Posted by rmetzger <gi...@git.apache.org>.
Github user rmetzger commented on a diff in the pull request:

    https://github.com/apache/flink/pull/2350#discussion_r75298028
  
    --- Diff: flink-streaming-java/src/main/java/org/apache/flink/streaming/api/operators/StreamSource.java ---
    @@ -146,16 +146,24 @@ void checkAsyncException() {
     		private final Output<StreamRecord<T>> output;
     		private final StreamRecord<T> reuse;
     
    -		public NonTimestampContext(StreamSource<?, ?> owner, Object lockingObject, Output<StreamRecord<T>> output) {
    -			this.owner = owner;
    +		public NonTimestampContext(AbstractStreamOperator<T> owner, Object lockingObject, Output<StreamRecord<T>> output) {
     			this.lockingObject = lockingObject;
     			this.output = output;
     			this.reuse = new StreamRecord<T>(null);
    +
    +			// if it is a source, then we cast and cache it
    +			// here so that we do not have to do it in every collect(),
    +			// collectWithTimestamp() and emitWatermark()
    +
    +			this.owner = (owner instanceof StreamSource) ?
    +				(StreamSource) owner : null;
    --- End diff --
    
    This looks a bit hacky. How about you add an interface `AsyncException` or so, that all classes the `NonTimestampContext` are using can use.


---
If your project is set up for it, you can reply to this email and have your
reply appear on GitHub as well. If your project does not have this feature
enabled and wishes so, or if the feature is enabled but not working, please
contact infrastructure at infrastructure@apache.org or file a JIRA ticket
with INFRA.
---

[GitHub] flink issue #2350: [FLINK-4329] Fix Streaming File Source Timestamps/Waterma...

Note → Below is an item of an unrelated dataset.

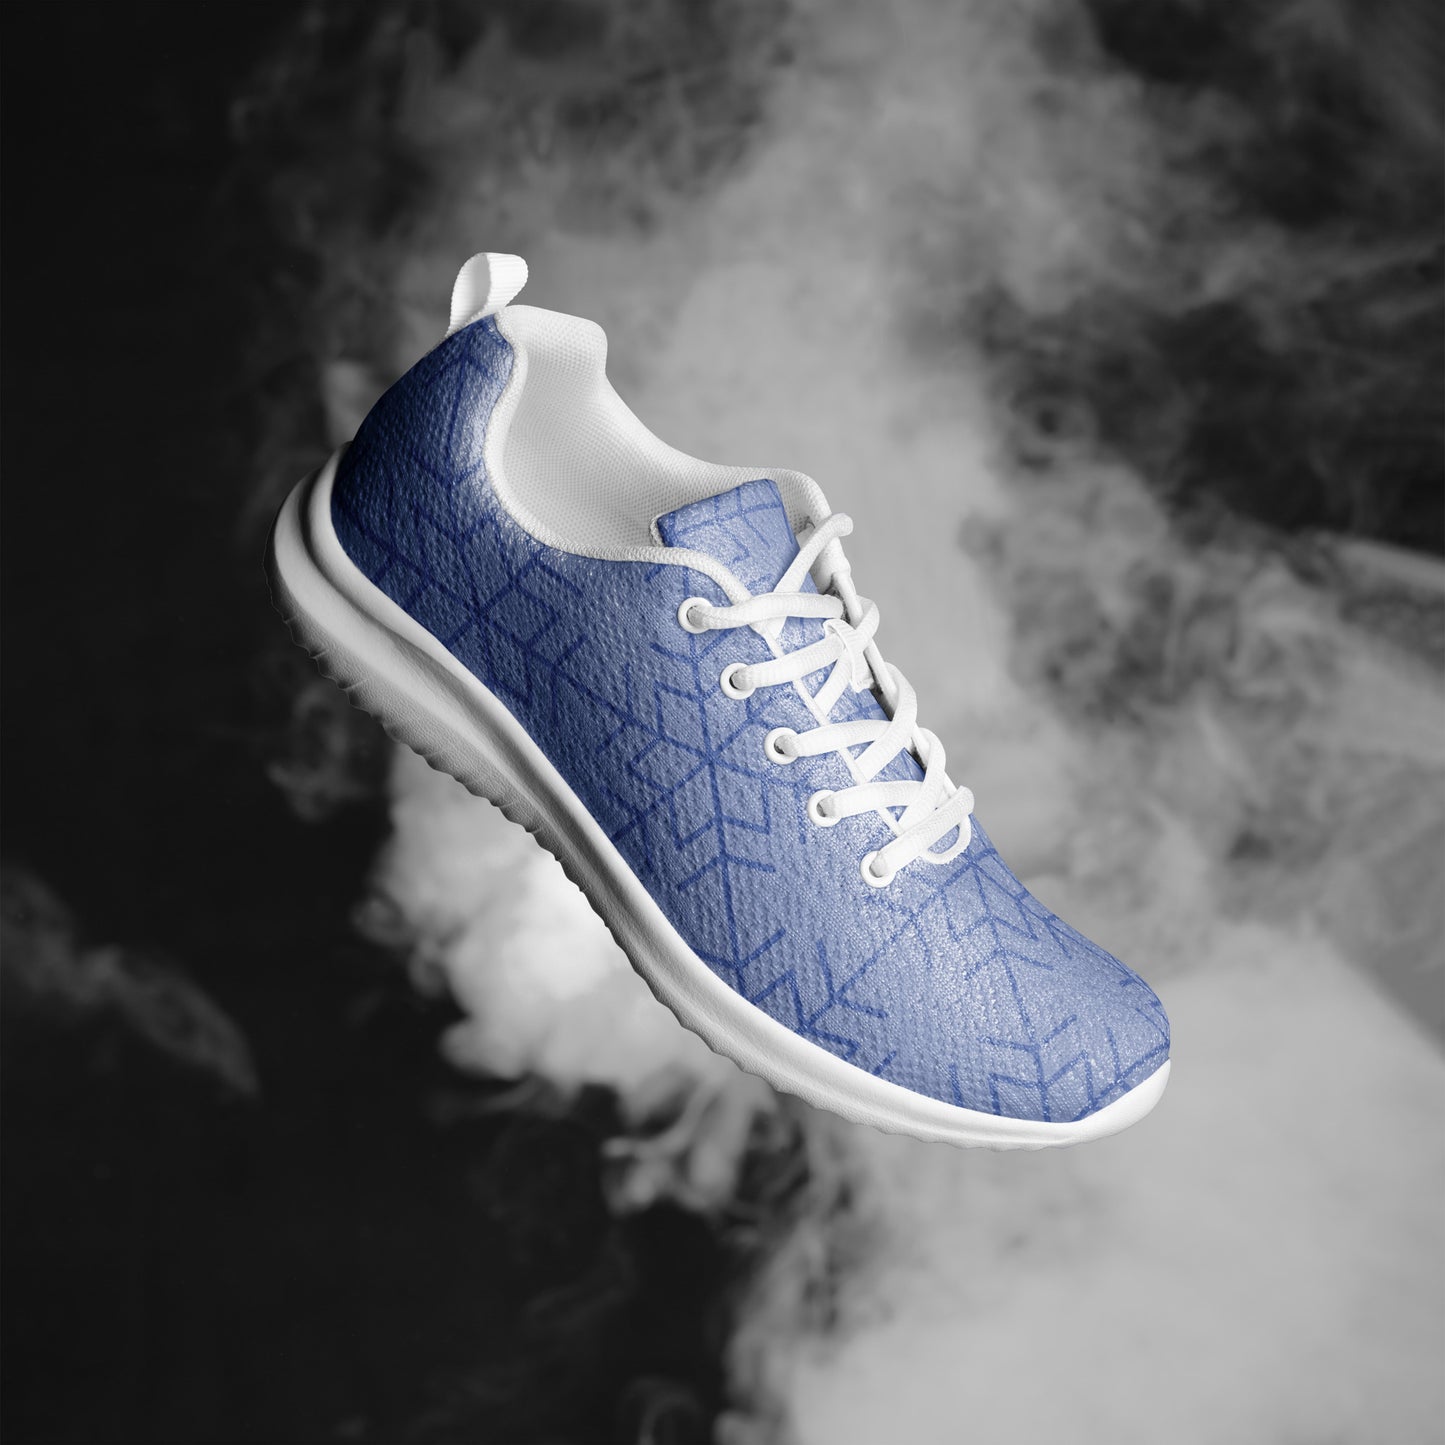 DASH Silver Blue Snow Flake Men’s Athletic Shoes Lightweight Breathable Design by IOBI Original Apparel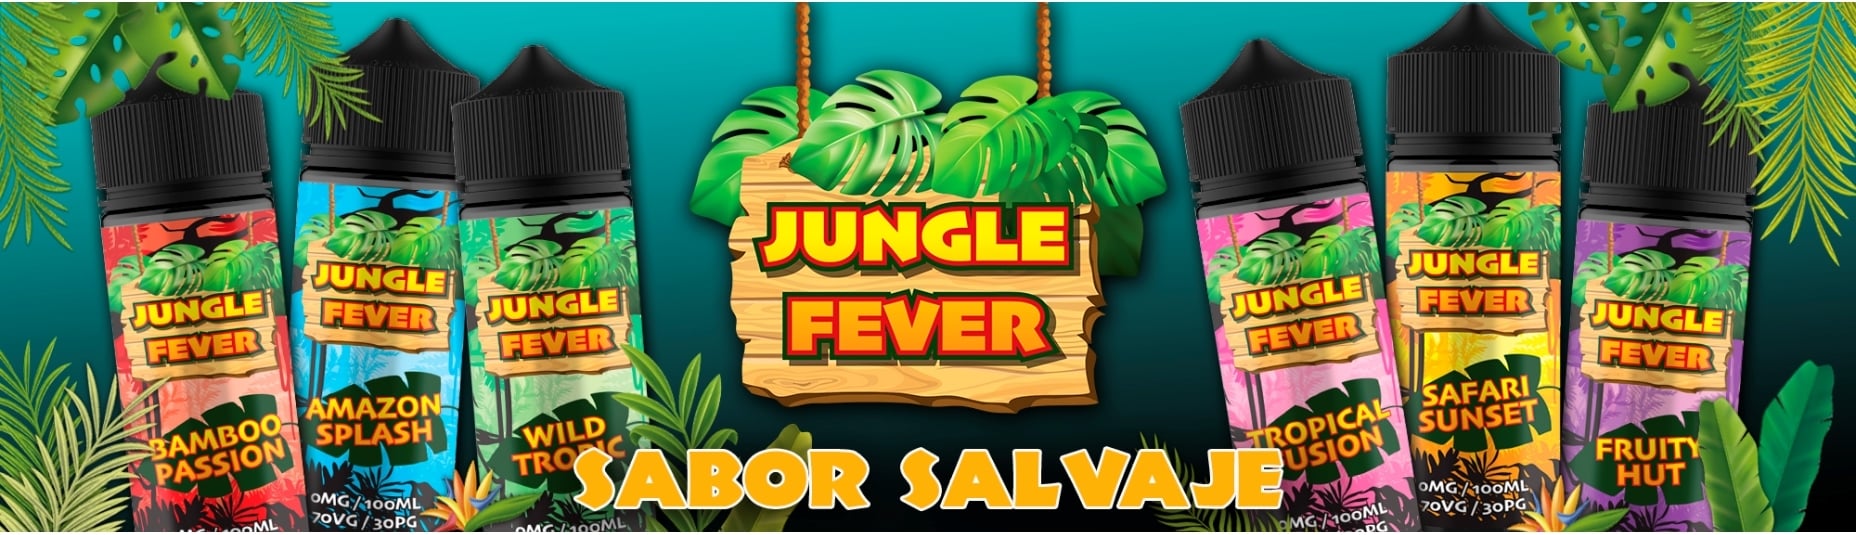 Wild Tropic - Jungle Fever 100ml

Posted by aljoscha <gi...@git.apache.org>.
Github user aljoscha commented on the issue:

    https://github.com/apache/flink/pull/2350
  
    This looks very good now! \U0001f44d 
    
    I'm running it a last time on Travis and them I'm merging.


---
If your project is set up for it, you can reply to this email and have your
reply appear on GitHub as well. If your project does not have this feature
enabled and wishes so, or if the feature is enabled but not working, please
contact infrastructure at infrastructure@apache.org or file a JIRA ticket
with INFRA.
---

[GitHub] flink issue #2350: [FLINK-4329] Fix Streaming File Source Timestamps/Waterma...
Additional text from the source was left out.